1. Do things at your own pace.
Stop rushing life. Slow down and let the moment marinate. Say yes only to the things you want to commit to and realize your time is valuable. I used to go-go-go all the time. That was my approach to everything. But, eventually I realized it was just another subtle form of avoidance to connecting to who I am.
2. Have more fun.
At some point, I stopped letting myself have fun without attaching an expectation to it. Don’t try to analyze everything (a big flaw of mine), just embrace what's happening. If you can just be in it, and experience the flow, there is so much more to gain and enjoy.
3. Don't allow external forces to dictate how you feel about yourself.

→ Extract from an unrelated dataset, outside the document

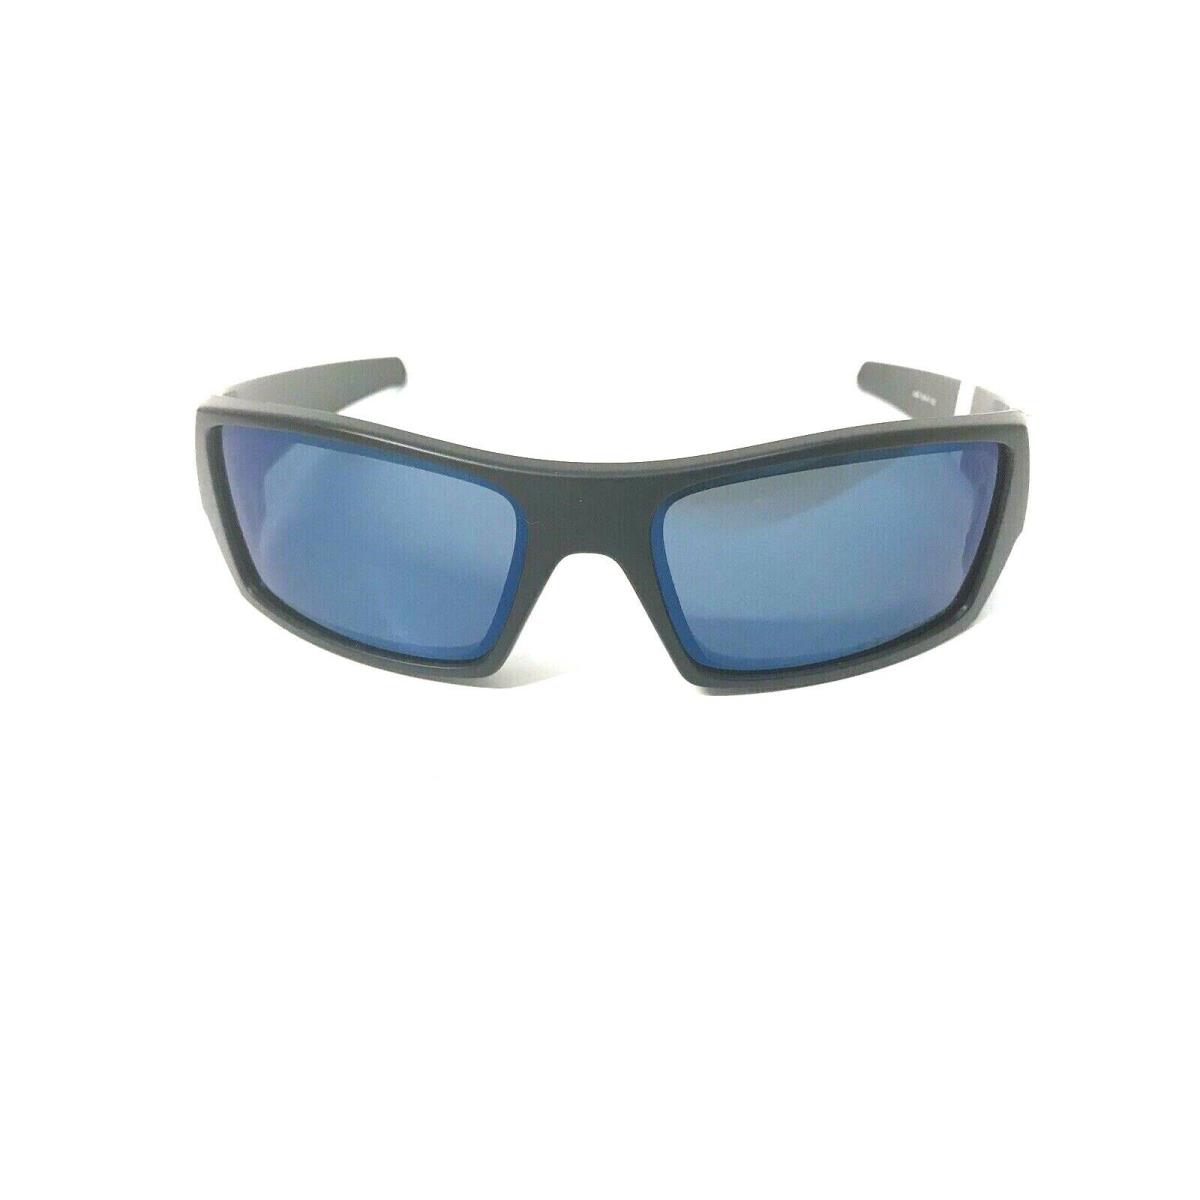 Oakley sunglasses Gascan - Black Frame, Gray Lens 8

After several failed relationships, I started to lose my self-esteem. I allowed so many external forces to dictate how I felt about myself that I lost the ability to just go with it because I was too distracted by what things meant or how I was appearing to others. Once you start putting all your self-definition into anything outside yourself, you can’t possibly have fun because you’re never in the moment – you’re outside of it, living it as the observer instead of the experiencer.

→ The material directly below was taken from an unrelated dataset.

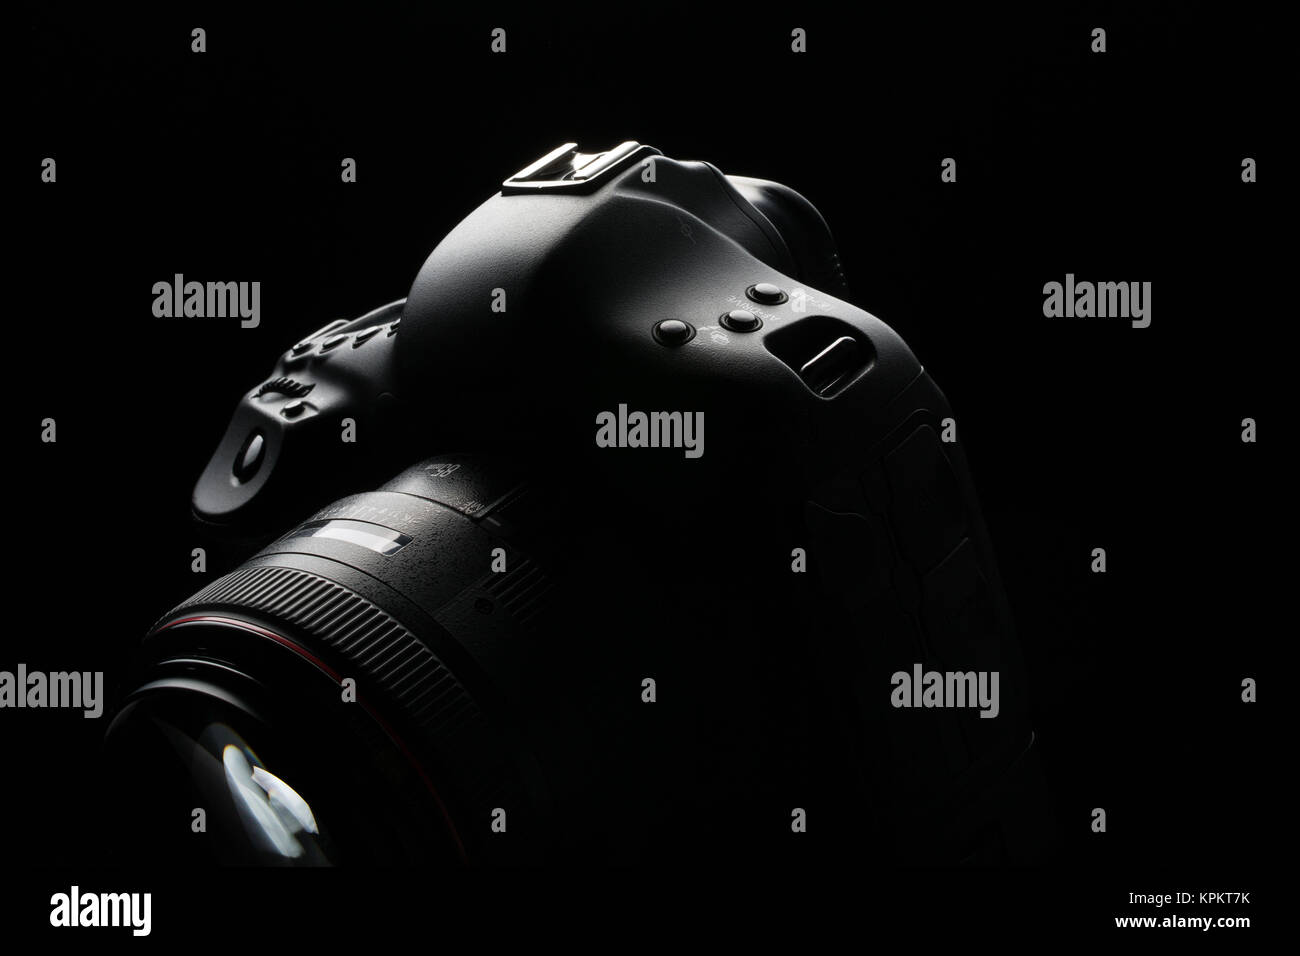 Modernas cámaras DSLR profesionales clave baja - imagen moderna cámara DSLR  con una lente de amplia apertura muy sobre Fotografía de stock - Alamy

4. Listen to that guru within who has all the answers.
The first step is learning to recognize your intuition. Then, your task is to believe it. Ask yourself the questions you want to ask someone else: what is your own advice to yourself? Don’t silence it. Follow it. Stop worrying that someone’s judging you and just do your thing. Ask yourself the hard questions; the ones that make you cringe. That helps shed light on the answer. Love yourself enough to need nothing outside yourself. Encourage yourself, motivate yourself, and prioritize yourself. Everything else is a bonus once you can stand on your own two feet.
5. Relax. Take a breath.
Why are we conditioned to worry so much? Life is too short to worry about anything other than right now. It took me a lot of falling on my face (literally, I was so distracted by my own anxiety I feel down a flight of stairs) to get to this realization and it’s a very happy, peaceful place to be.
Besides, if you’re constantly in your head, then you aren’t in the present moment. If you’re not present, you have no idea what’s happening, so how could you possibly enjoy it?
And if you’re not enjoying it, then what else really matters?